We hope that we are heard.

[1] Richard Hooker, Of the Laws of Ecclesiastical Polity, in W. Speed Hill (ed.), The Folger Library Edition of the Works of Richard Hooker (The Belknap Press of Harvard University Press, 1977), V.8

[2] W. David Neelands, “Hooker on Scripture, Reason, and ‘Tradition’,” in A. S. McGrade (ed.), Richard Hooker and the Construction of Christian Community (Medieval & Renaissance Texts and Studies, 1997), 75

[3] Hooker, Laws, I.12.2

[4] Hooker, Laws, I.11.4

[5] Hooker, Laws, I.7.4

[6] Neelands, “Hooker on Scripture, Reason, and ‘Tradition’,” 89

[7] Nigel Voak, Richard Hooker and Reformed Theology: A Study of Reason, Will, and Grace (Oxford University Press, 2003), 251 – 265; W. J. Torrance Kirby, Richard Hooker: Reformer and Platonist (Ashgate, 2005), 1 – 28

[8] Hooker, Laws, I.1.3

[9] John Calvin, Institutes of the Christian Religion, ed. John McNeil (Westminster/John Knox, 2006), IV.XX.32; a thoughtful account of Calvin’s theology of revolution may be found in Roland Boer, Political Grace: The Revolutionary Theology of John Calvin (Westminster/John Knox, 2009)

[10] John Spenser, “To the Reader,” in Folger Library Edition, vol. I, 346 & 348

[11] Conrad Russell, The Causes of the English Civil War (Clarendon Press, 1990)

[12] Helpful background may be found in Kirby, Richard Hooker: Reformer and Platonist, 23 – 28; W. J. Torrance Kirby, Richard Hooker’s Doctrine of the Royal Supremacy (E. J. Brill, 1990), 80 – 86; Daniel Eppely, Defending Royal Supremacy and Discerning God’s Will in Tudor England (Ashgate, 2007), 168 – 172

[13] Hooker, Laws, III.2.2

[14] Notably, Hooker seems to have had no conception of morality as a separate category for consideration.  Any attempt to use his theology in the construction of a moral theology (whether “liberal” or “conservative”) is thus problematic as it forces upon him a category that he did not use.

[15] Hooker, Laws, III.9.2

[16] Hooker, Laws, III.8.4

[17] Hooker, Laws, III.8.6

[18] Hooker, Laws, III.8.9

[19] Ibid.

[20] Hooker, Laws, V.8.2

[21] Hooker, Laws, II.7.1

[22] Hooker, Laws, Preface, 1.1



  1. Hello and good afternoon. Just came across your blog. Really enjoyed the read. I look forward to future posts. Hope you don’t mind, but I wanted to tell you about my own blog.

    I’m an aspiring clergy-writer who’s new to the Anglican tradition, and am trying to find Anglican readers. The title of my blog is “Musings of a Hard-Lining Moderate: The assorted thoughts of an evangelical Anglican.” I write about theology, culture, politics, movie/book reviews, pet theories… anything that’s on my mind. Right now I’m doing a series on the doctrine of Scripture, which was prompted by the crisis in the global communion. I also recently wrote a post on the value of the christian calendar.

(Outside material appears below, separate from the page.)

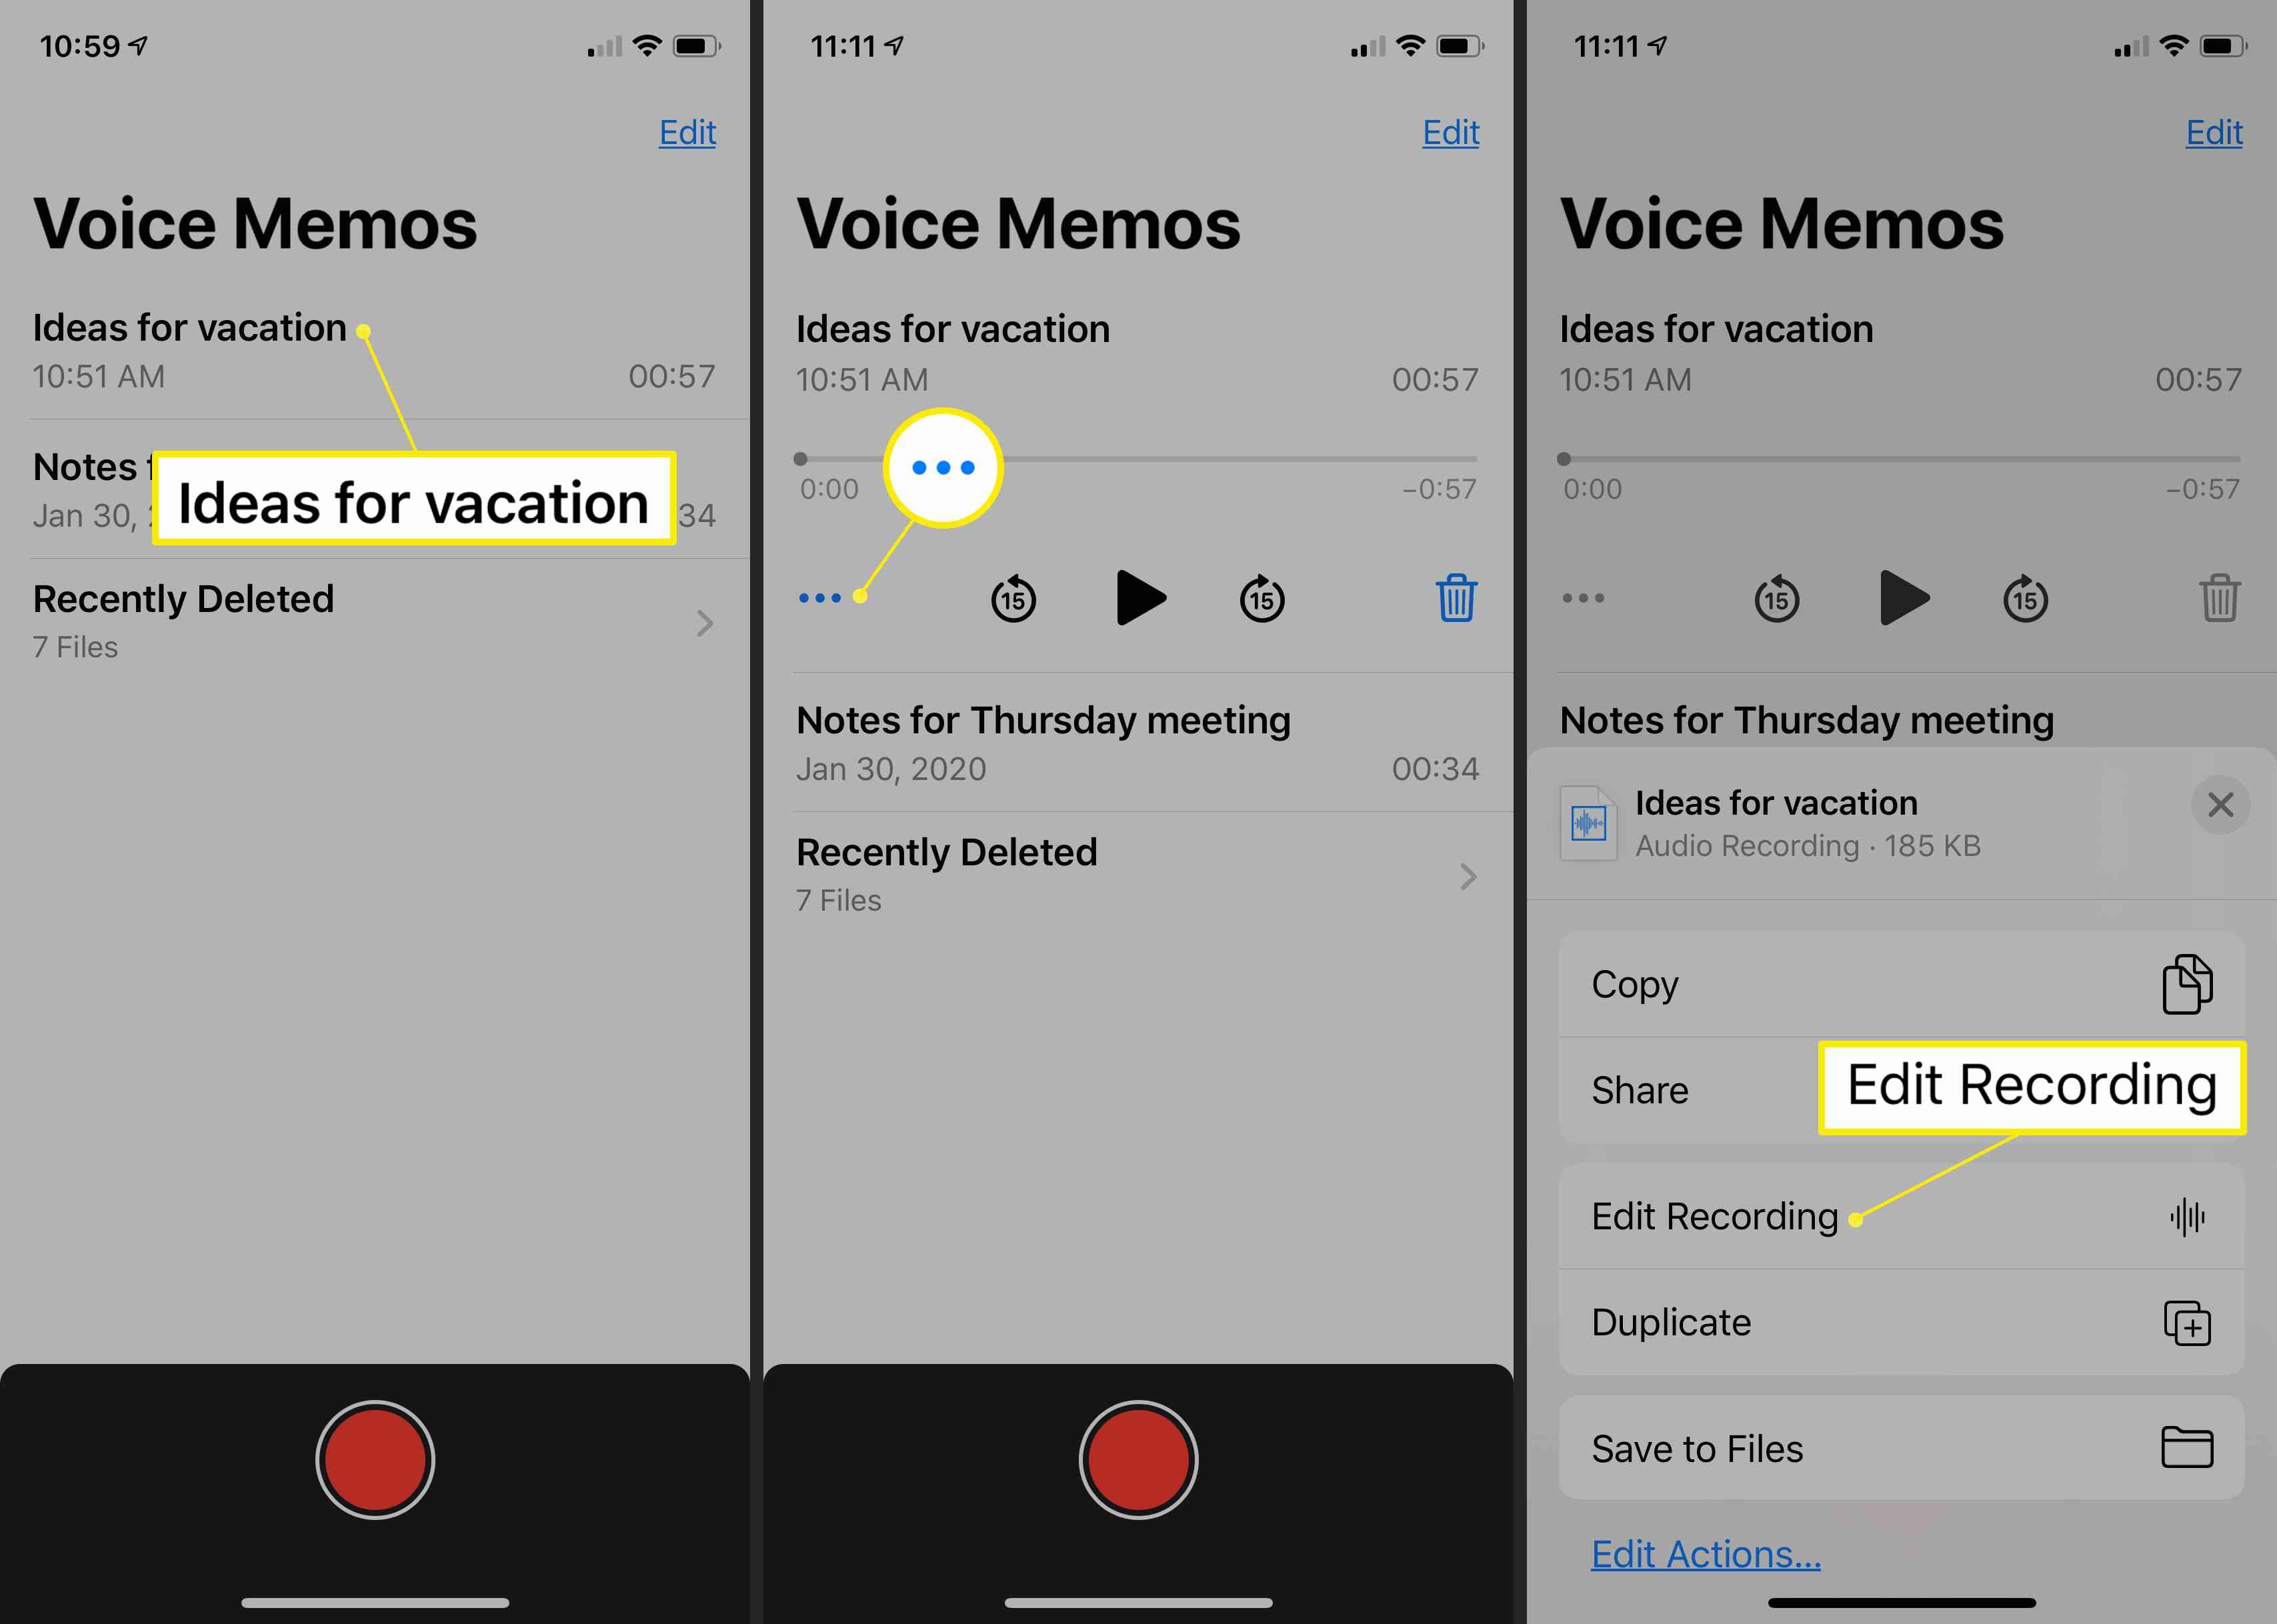 Voice Memos on iPhone showing menu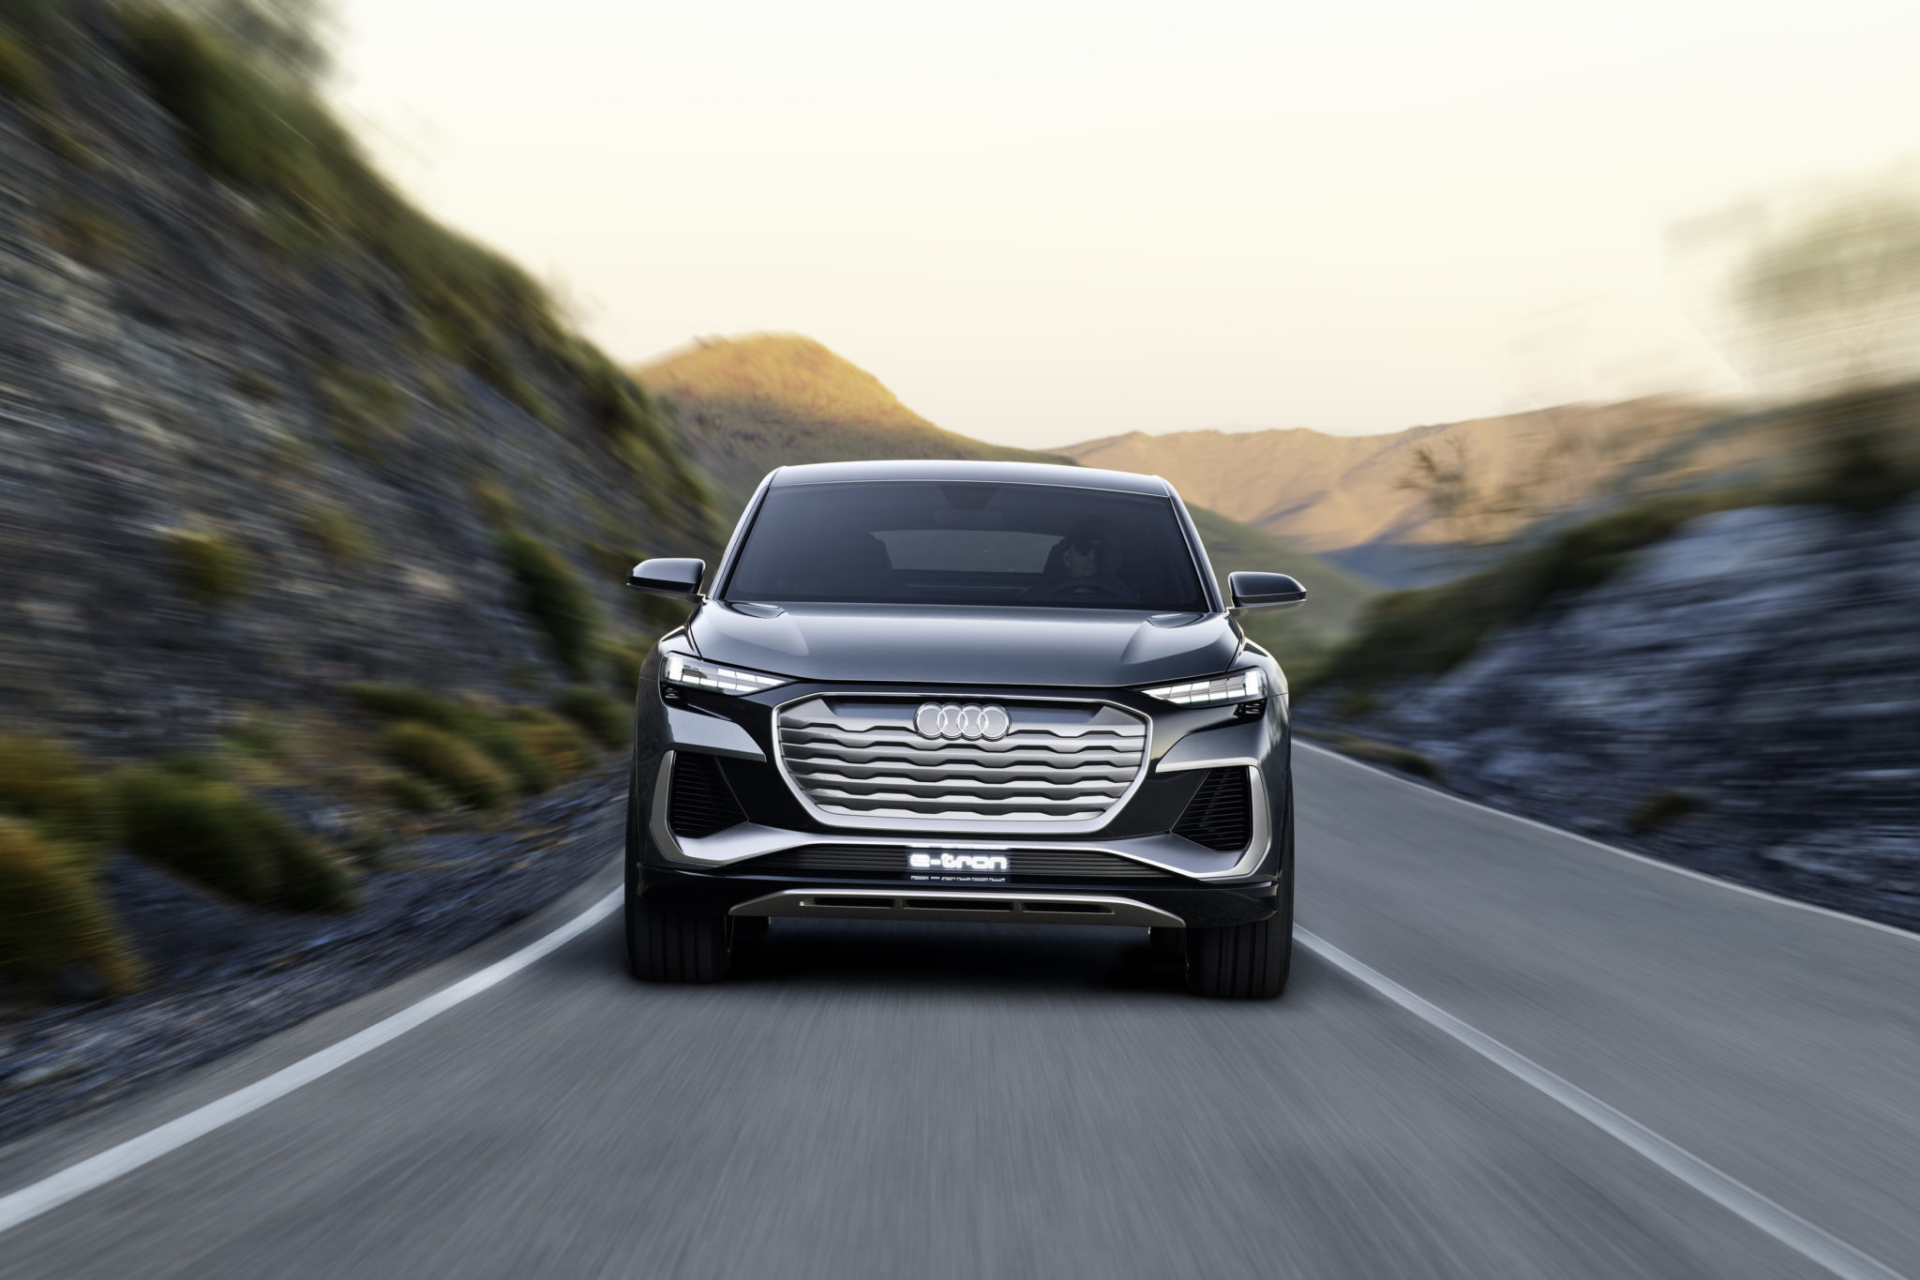 Опубликованы фотографии концептов Audi Q4 e-tron и Q4 Sportback e-tron

    Anyway, I don’t know if you’d be interested, but here’s the link: Have a great day.

    Grace & Peace,


    Comment by Carson T. Clark — December 7, 2010 @ 6:43 pm | Reply

  2. Carson –

    Any blog entitled “Musings of a Hard-Lining Moderate” is surely worth checking out. I love your statement about liturgy: “I’d rather be bored than annoyed.” I confess, however, that I don’t find it boring.

    Welcome to this blog. Not much goes on here, although I occasionally post things that I have written and posted elsewhere.

    I look forward to perusing your blog.